We return Ok with an error description rather than propagating Err. This is deliberate — tool results go back to the LLM. If read_file fails with “File not found”, the LLM can try a different path. If we returned Err, the agent loop would need special error handling to convert it to a tool result message. Keeping it as Ok(String) means every tool result, success or failure, follows the same path.

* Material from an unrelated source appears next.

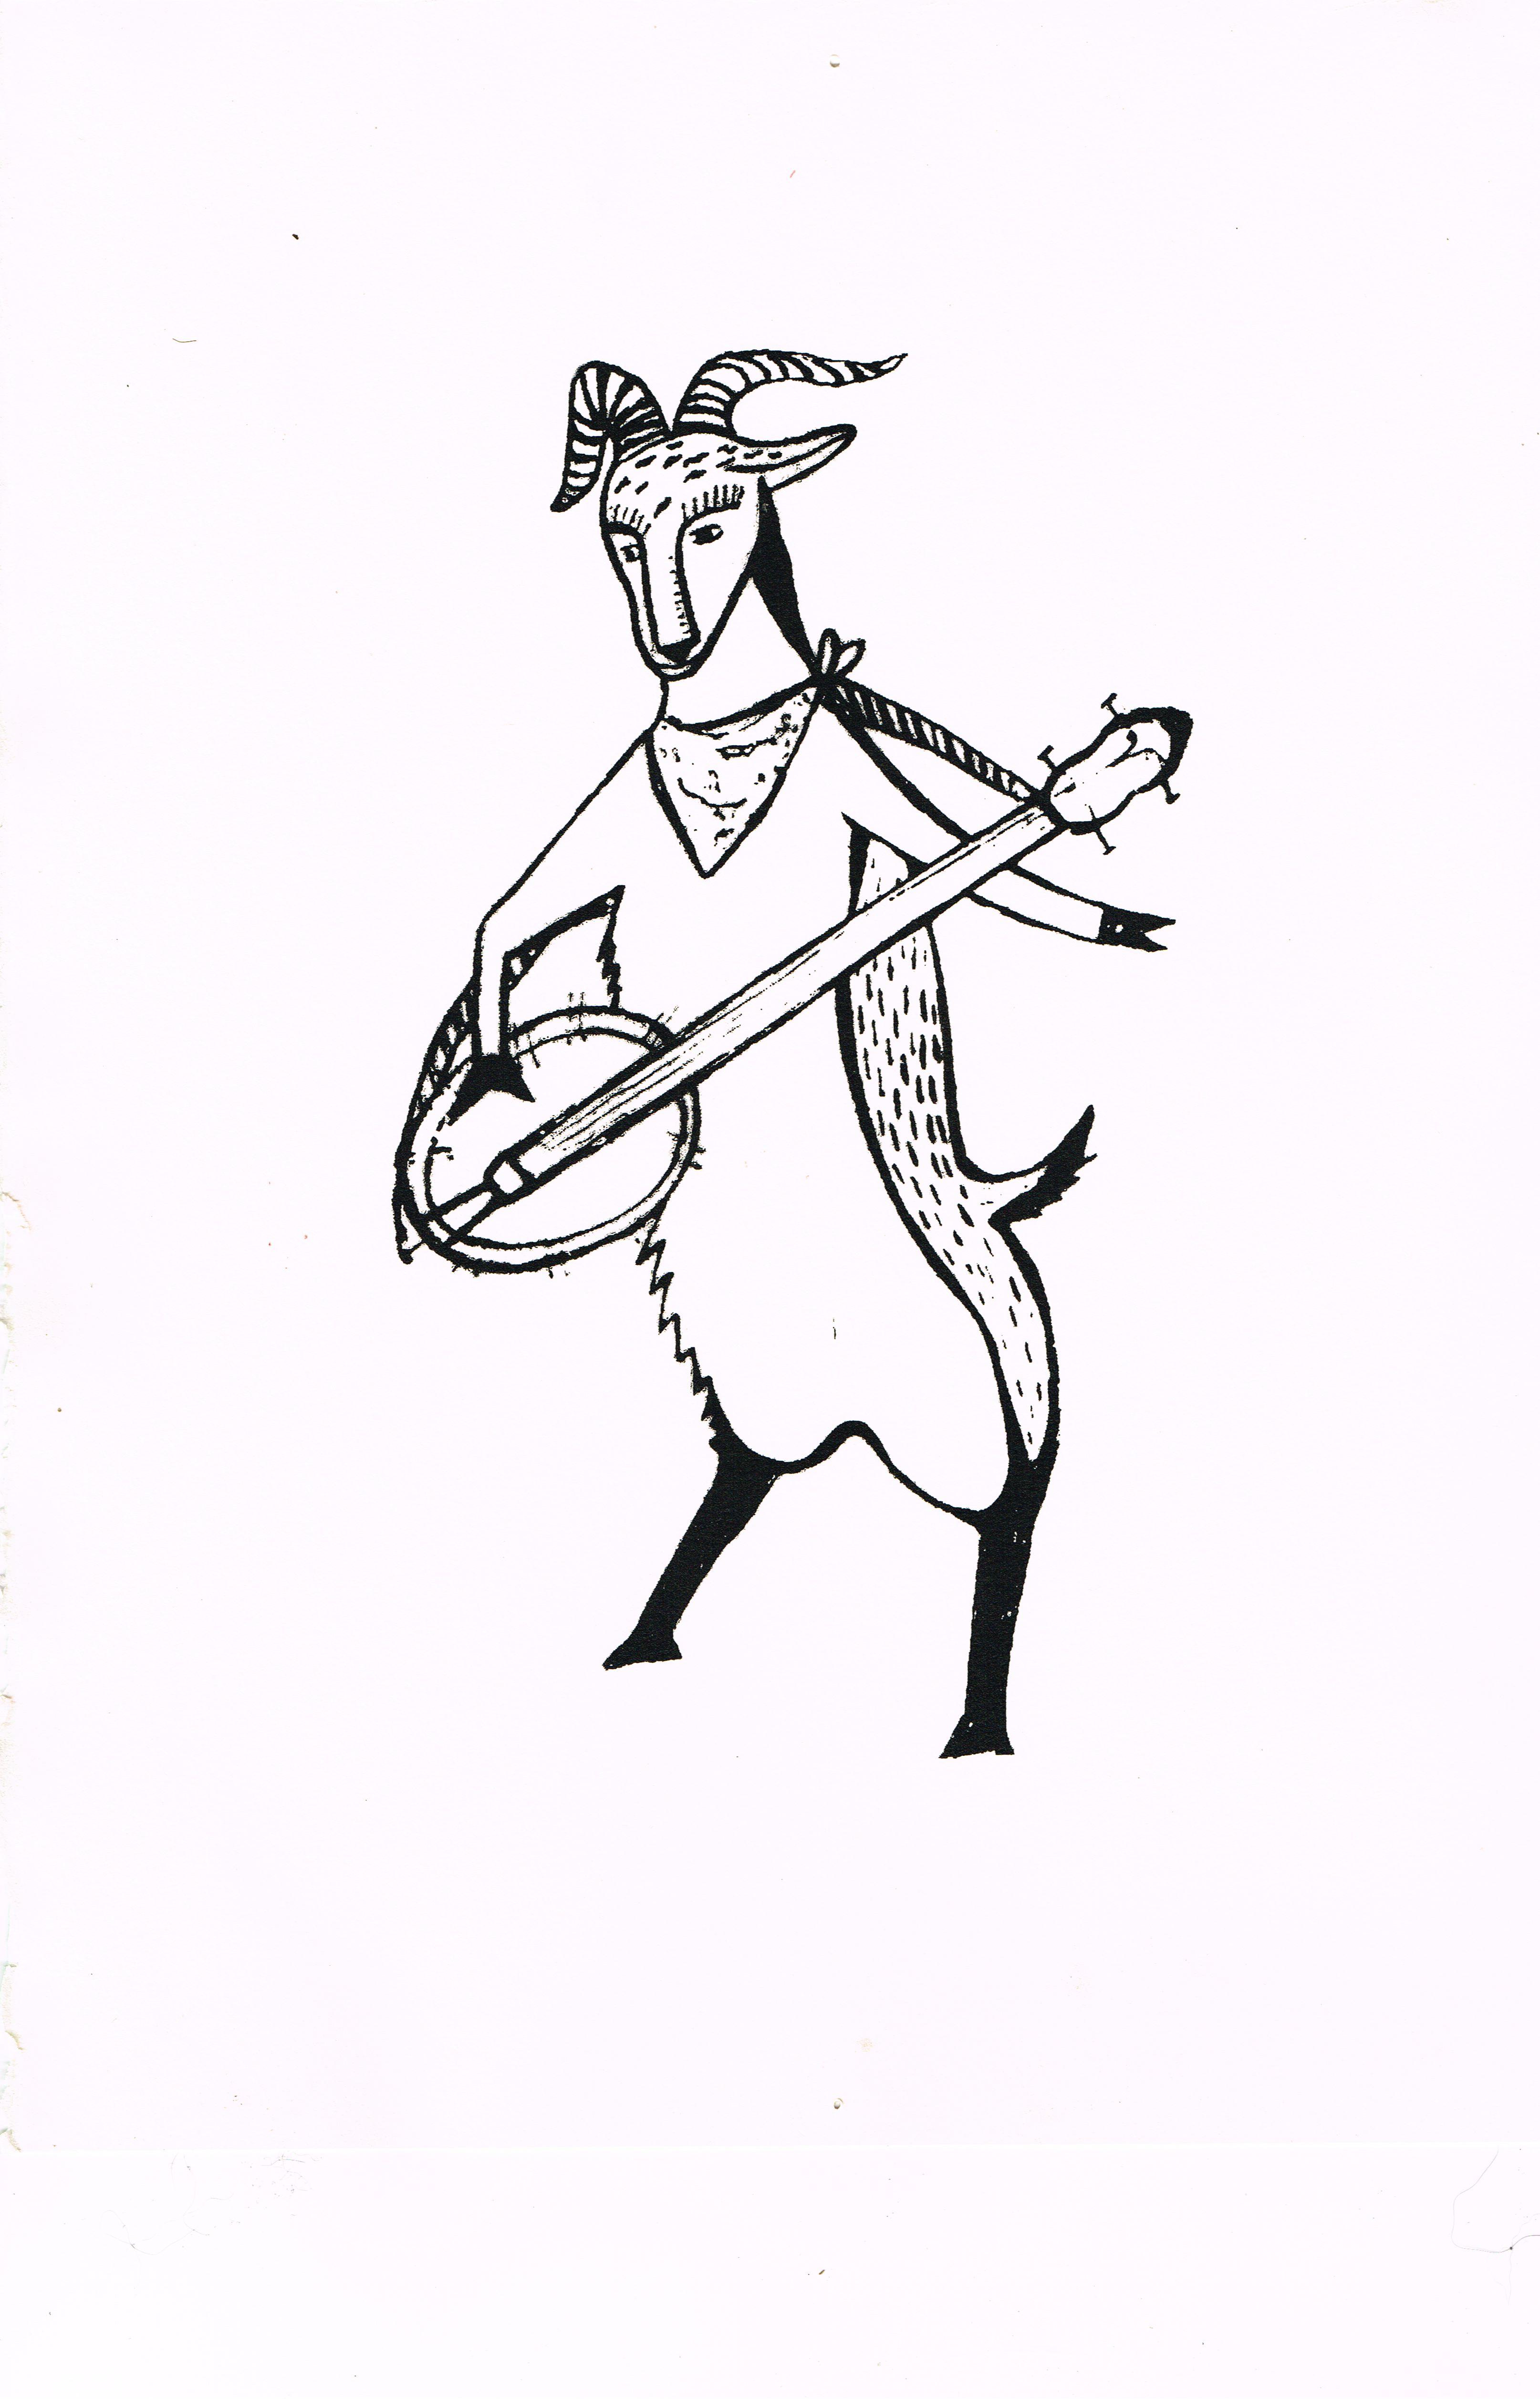 Goat-and-banjo.jpg

The Result return type is still useful for unexpected errors — things like “args is not valid JSON” that indicate a bug, not a normal failure.

The json! Macro

#![allow(unused)]
fn main() {
parameters: json!({
    "type": "object",
    "properties": {
        "path": {
            "type": "string",
            "description": "The path to the file to read"
        }
    },
    "required": ["path"]
}),
}

serde_json::json! creates a Value from JSON-like syntax. This is how we build JSON Schema without defining a struct for every possible schema shape. It’s dynamic but compile-time checked for syntax.

Module Structure

Create src/tools/mod.rs:

#![allow(unused)]
fn main() {
pub mod file;
}

Update src/agent/mod.rs:

#![allow(unused)]
fn main() {
pub mod system_prompt;
pub mod tool_registry;
}

Making a Tool Call

Update src/main.rs to include tools:

mod api;
mod agent;
mod tools;

use anyhow::Result;
use api::{
    client::OpenAIClient,
    types::{ChatCompletionRequest, Message},
};
use agent::{system_prompt::SYSTEM_PROMPT, tool_registry::ToolRegistry};
use tools::file::{ReadFileTool, ListFilesTool};

#[tokio::main]
async fn main() -> Result<()> {
    dotenvy::dotenv().ok();

    let api_key = std::env::var("OPENAI_API_KEY")
        .expect("OPENAI_API_KEY must be set");

    let client = OpenAIClient::new(api_key);

    // Build the tool registry
    let mut registry = ToolRegistry::new();
    registry.register(Box::new(ReadFileTool));
    registry.register(Box::new(ListFilesTool));

    let request = ChatCompletionRequest {
        model: "gpt-5-mini".into(),
        messages: vec![
            Message::system(SYSTEM_PROMPT),
            Message::user("What files are in the current directory?"),
        ],
        tools: Some(registry.definitions()),
        stream: None,
    };

    let response = client.chat_completion(request).await?;

    if let Some(choice) = response.choices.first() {
        let msg = &choice.message;

        if let Some(content) = &msg.content {
            println!("Text: {content}");
        }

        if let Some(tool_calls) = &msg.tool_calls {
            for tc in tool_calls {
                println!(
                    "Tool call: {} ({})",
                    tc.function.name, tc.function.arguments
                );

                // Actually execute the tool
                let args: serde_json::Value =
                    serde_json::from_str(&tc.function.arguments)?;
                let result = registry.execute(&tc.function.name, args)?;
                println!("Result: {}", &result[..result.len().min(200)]);
            }
        }
    }

    Ok(())
}

Run it:

cargo run

You should see:

Tool call: list_files ({"directory":"."})
Result: [dir] src
[dir] target
[file] Cargo.lock
[file] Cargo.toml
...

The LLM chose list_files, we executed it, and got real filesystem results. But the LLM never saw those results — we need the agent loop for that.

Summary

In this chapter you:

  • Defined the Tool trait for type-safe, dynamic tool dispatch
  • Built a ToolRegistry with Box<dyn Tool> for heterogeneous tool storage
  • Implemented ReadFileTool and ListFilesTool
  • Used serde_json::json! for JSON Schema generation
  • Made your first tool call and execution

The LLM can select tools and we can execute them. In the next chapter, we’ll build evaluations to test tool selection systematically.